Рите надо было спешить на дежурство. Они вместе заправили постель и теперь завтракали, сидя вдвоем за столом, так по-домашнему, как это только и могло быть до войны. Марк вдруг понял, что после завершения войны это ощущение семейной близости, отцовства станут главными в его жизни. Именно это придёт на смену высшему, но страшному смыслу его сегодняшней жизни на фронте.

Он подвез Риту к госпиталю, и она упорхнула из его рук в свою беспокойную госпитальную жизнь. Ефим с водителями уже прогуливались у входа в штаб, поджидая комбата. Вскоре подошел мрачный и раздраженный новенький лейтенант, за все время поездки не проронивший ни слова. Оставалось дождаться командира полка.

Совещание затянулось, они успели выкурить не по одной самокрутке. Наконец Батя вышел из штаба. Обе машины стояли уже на ходу, ждали его. Из любопытства он решил обратно ехать на «Хорьхе». Тронулись в четвёртом часу. Из города выехали быстро, торопились, пока не начало смеркаться. Чтобы сократить обратную дорогу, поехали через Эндцунен и Баллупенен. Машины петляли между холмов, вокруг кружились поля, вдалеке на юге синел большой лес.

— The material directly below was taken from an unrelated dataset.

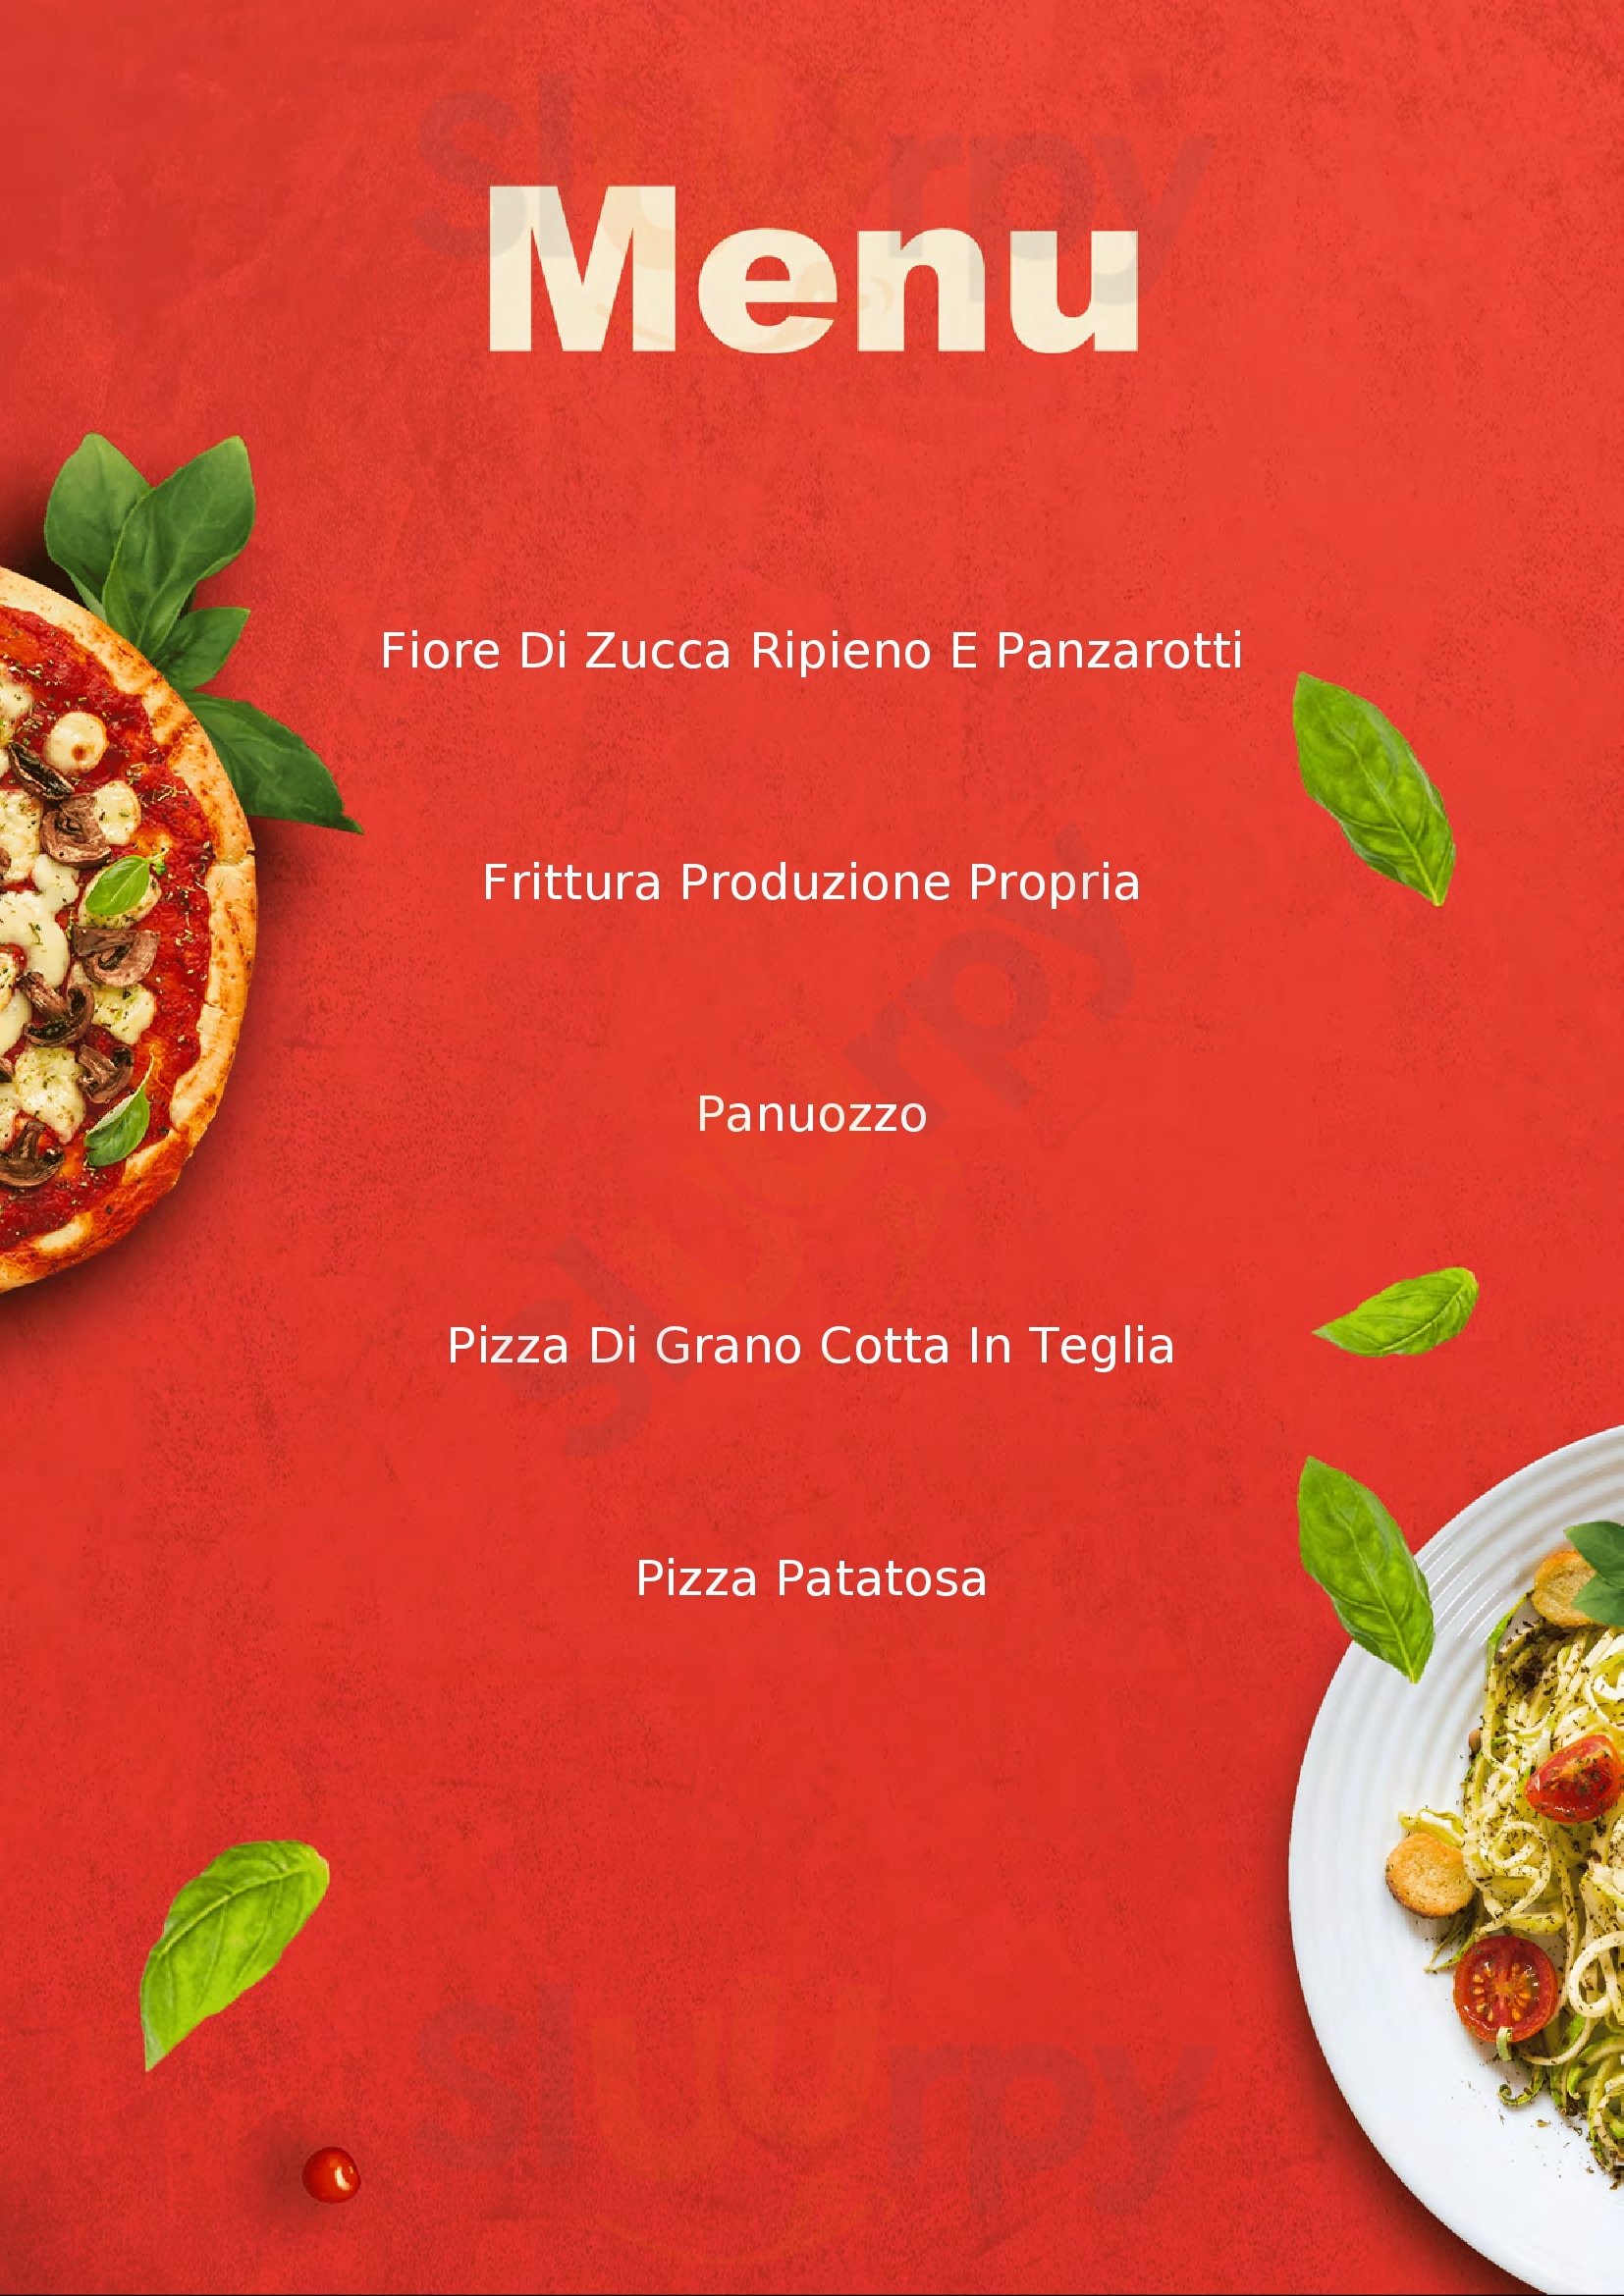 Artepizza by Non Solo Pizza Sant'Antonio Abate menù 1 pagina

Дорога огибала высокий холм, прижимаясь к нему вплотную. Перед крутым поворотом машины замедлили ход, и в этот момент с холма ударило несколько автоматов. Огонь велся прицельно сразу по обеим машинам. «Виллис», шедший первым, ткнулся в кювет и медленно сполз вниз по склону. «Хорьх» сначала газанул, пытаясь уйти от обстрела, но, едва набрав скорость, тоже съехал в кювет и перевернулся рядом с «Виллисом». К счастью, обе машины вырвались из сектора обстрела. Так что люди смогли выбраться из машин и укрыться за ними. Из засады продолжали стрелять, пули цепляли кузова машин, но людей, прижавшихся к земле, не доставали. Бате сильно придавило ногу, и передвигаться он не мог. Новенького лейтенанта тоже ранили, пуля сначала пробила бутыль с водой, рядом с которой он сидел, и затем вошла ему в правый бок. Вода из разбитой бутыли окатила офицера с ног до головы. Весь мокрый, он лежал в салоне «Хорьха» и не мог самостоятельно выбраться. Матвеев, раненный в плечо, выполз из салона и укрылся за машиной, зажимая рану, чтобы не истечь кровью. Капитан не пострадал и теперь лихорадочно пытался разобраться в обстановке:

— В засаду попали. Сейчас они прощупают ситуацию, выдвинутся на другую позицию и посекут нас из своих «шмайсеров». Надо их отпугнуть.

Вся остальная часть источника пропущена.